IEL Condemns Mass Shooting in Buffalo, NY and Calls for Racial Healing, Solidarity, and Collective Action to Combat Racially Motivated Domestic Terrorism

After yet another mass shooting targeting the Black community, a sole conviction is not enough.
May 18th, 2022

The Institute for Educational Leadership joins the many other organizations and communities sharing their grief and anger after the premeditated murder of ten Black community members and the injury of three others, by a white supremacist gunman, at Tops supermarket in a predominantly Black neighborhood in Buffalo, New York last week. This most recent act of terror and violence targeting a community of color is yet another one of many on a growing list of similar racially motivated hate crimes.  The time is over for empty resolutions and statements with no pathway to collective action to address the negative consequences of historic and systemic racism.

“Whether it is grocery shopping while Black, attending school, or visiting your place of worship, we ALL deserve life, liberty and the pursuit of happiness without fear.

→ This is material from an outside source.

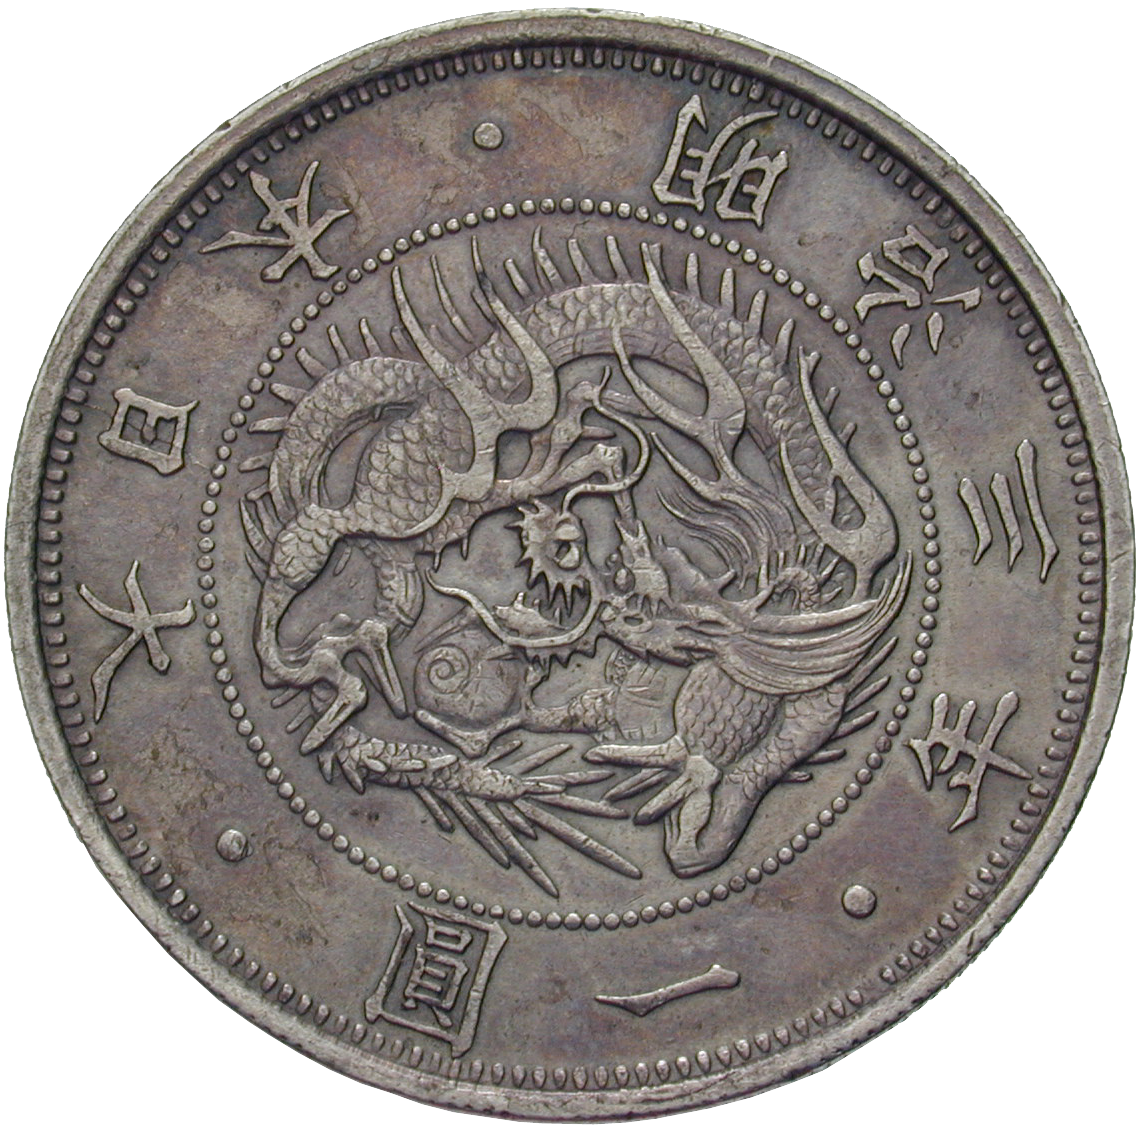 Japanese Empire, Meiji Period, Mutsuhito, Yen 1870 (obverse)

This sickening and senseless act of violence is made all the worse by the deafening silence from and lack of courage of those who call themselves leaders in this country.  We need leadership that stands tall against racism and oppression of any kind,” said IEL Board Chair Dr. Karen Mapp. 

These types of terroristic acts, and the online streaming and cheering of them, has a clear link to our country’s history of veneration of Black pain and vigilante “justice.” Whether it is Birth of a Nation in 1915, that represented a perfect distillation of white fear, or replacement theory, propagated through explicit, and coded anti-immigrant rhetoric – the end result is the same – enabling white supremacy. Ironically, the massive undergoing or truth and reconciliation of our country’s past, post-George Floyd, has been met with an equal resistance of attacking the telling of our history by the threat of erasure in states – a refusal to learn and heal from our nation’s atrocities. 

We must forever lift up the names of those who are victims and venerate them in this fight for justice:  

  • Roberta A. Drury 
  • Margus D. Morrison 
  • Andre Mackneil
  • Aaron Salter 
  • Geraldine Talley 
  • Celestine Chaney 
  • Heyward Patterson 
  • Katherine Massey 
  • Pearl Young 
  • Ruth Whitfield 
  • And the injured: Zaire Goodman, Jennifer Warrington, and Christopher Braden 

“Black people in our communities are continuously targeted for simply existing. Those who serve as agents, normalizing hate, propagating our deepest prejudices for political points, and for engagement ratings are just as culpable. Disturbingly, we continue to see attacks on brave truth-telling about our history and the present at state houses across the country,” said IEL President Eddie Koen.

As we’ve seen before, the shooter in this situation traveled a significant distance to carry out his heinous crimes, going well out of his way to kill Black people. “Our communities are strong,” added Koen. “In homes, schools, and neighborhoods across the country, people will come together to support and care for one another in the aftermath of this horrific crime, and bolster our collective advocacy work to act against crimes perpetrated against all targeted communities.”

Protecting our community relies on all of us. With almost 200 mass shootings in 2022, responsibility for these actions, both civilly and criminally, must go upstream to those who embolden these actors – whether it’s those who indoctrinate or those who knowingly put weapons in the hands of those who will cause harm.  

IEL stands in solidarity with local communities nationwide impacted by racially motivated domestic terrorism and will take action by continuing our work to tear down systems of oppression, advance equity in our schools, and carry out our mission to partner with communities to create and support conditions for children to learn and thrive. Only through culturally responsive teaching and curriculum, mental health supports, dismantling white supremacy and deconstructing our historic mistakes and wrongdoings that continue to perpetuate systemic racism, will our communities begin to break cycles, and prepare future generations to speak truth to power rather than spreading hate.